The modern social imaginary is … both active and contemplative. It expands the repertory of collective action, and also that of objective analysis. But it also exists in a range of intermediate forms. In speaking … about the typically modern, horizontal forms of social imaginary, in which people grasp themselves and great numbers of others as existing and acting simultaneously I [mention] the economy, the public sphere, and the sovereign people, but also the space of fashion. This is an example of a fourth structure of simultaneity. It is unlike the public sphere and the sovereign people, because these are sites of common action. In this respect, it is like the economy, where a host of individual actions concatenate behind our backs. But it is different from this as well, because our actions relate in the space of fashion in a particular way. I wear my own kind of hat, but in doing so, I am displaying my style to all of you, and in this, I am responding to your self-display, even as you will respond to mine. The space of fashion is one in which we sustain together a language of signs and meanings, which is constantly changing but which at any moment is the background needed to give our gestures the sense they have. If my hat can express my particular kind of cocky yet understated self-display, this is because of how the common language of style has evolved among us up to this point. My gesture can change it, and then your responding stylistic move will takes its meaning from the new contour the language takes on.

The general structure I want to draw from this example of the space of fashion is that of a horizontal, simultaneous, mutual presence, which is not that of a common action, but rather of mutual display. It matters to each of us as we act that others are there, as witnesses of what we are doing and thus as codeterminers of the meaning of our action.

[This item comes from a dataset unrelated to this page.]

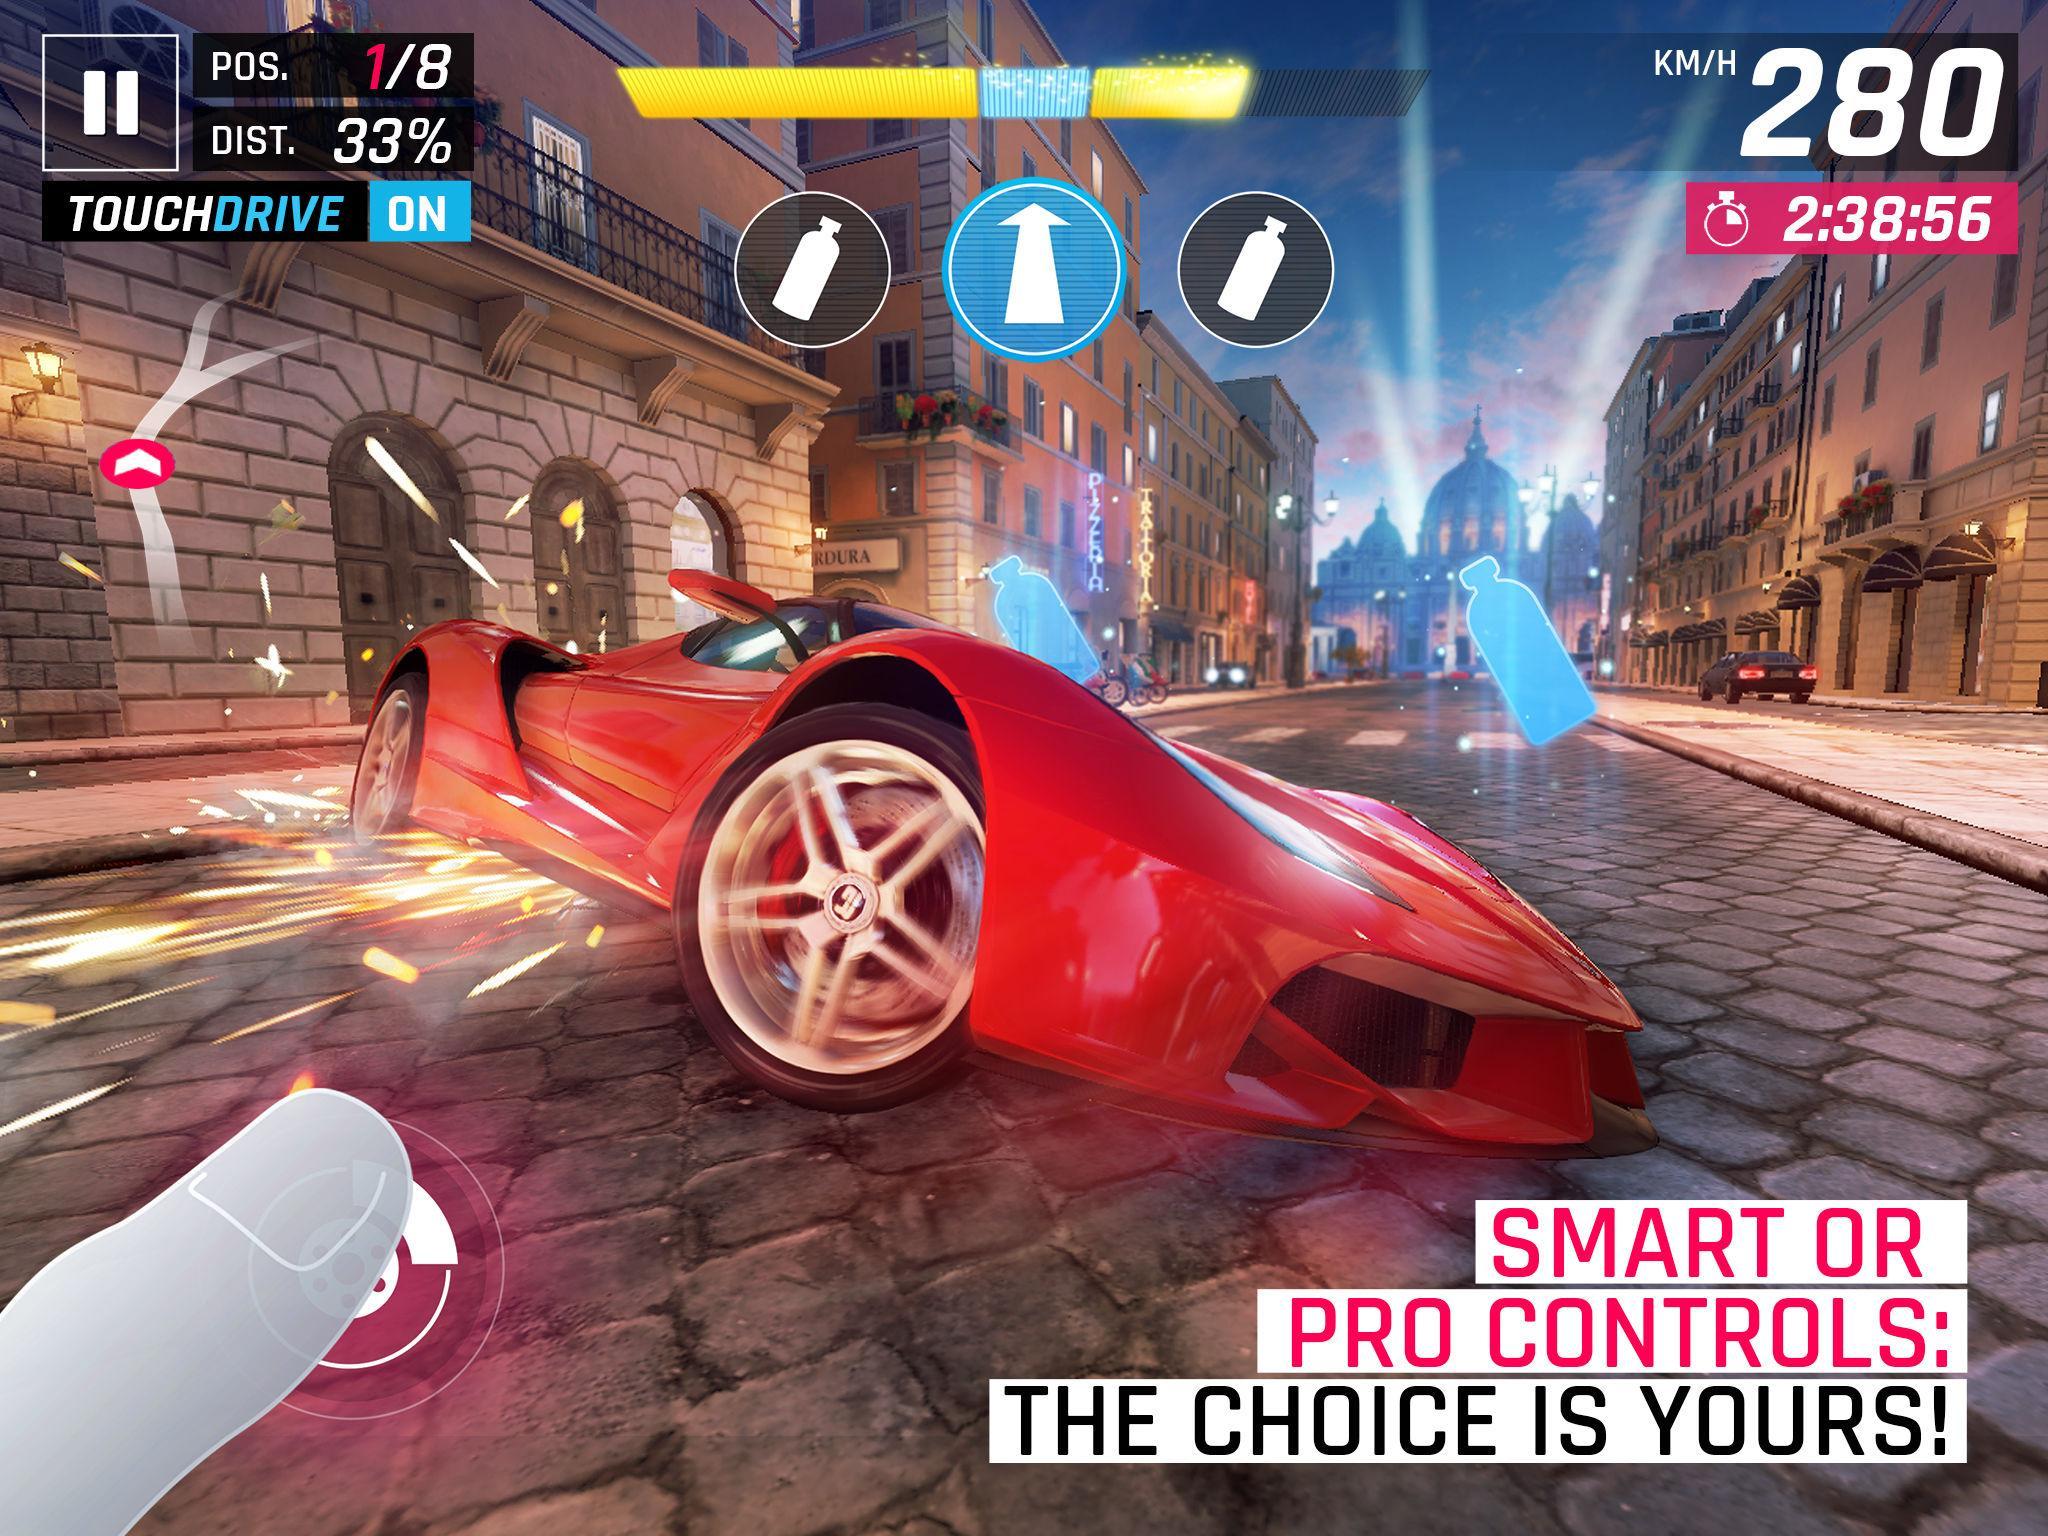 Asphalt 9 Legends - Epic Car Action Racing Game 2.5.3a Screenshot 19

Spaces of this kind become more and more important in modern urban society, where large numbers of people rub shoulders, unknown to each other, without dealings with each other, and yet affecting each other, forming the inescapable context of each other’s lives. As against the everyday rush to work in the Metro, where others can sink to the status of obstacles in my way, city life has developed other ways of being-with, for instance, as we each take our Sunday walk in the park or as we mingle at the summer street festival or in the stadium before the playoff game. Here each individual or small group acts on their own, but with the awareness that their display says something to others, will be responded to by them, will help build a common mood or tone that will color everyone’s actions.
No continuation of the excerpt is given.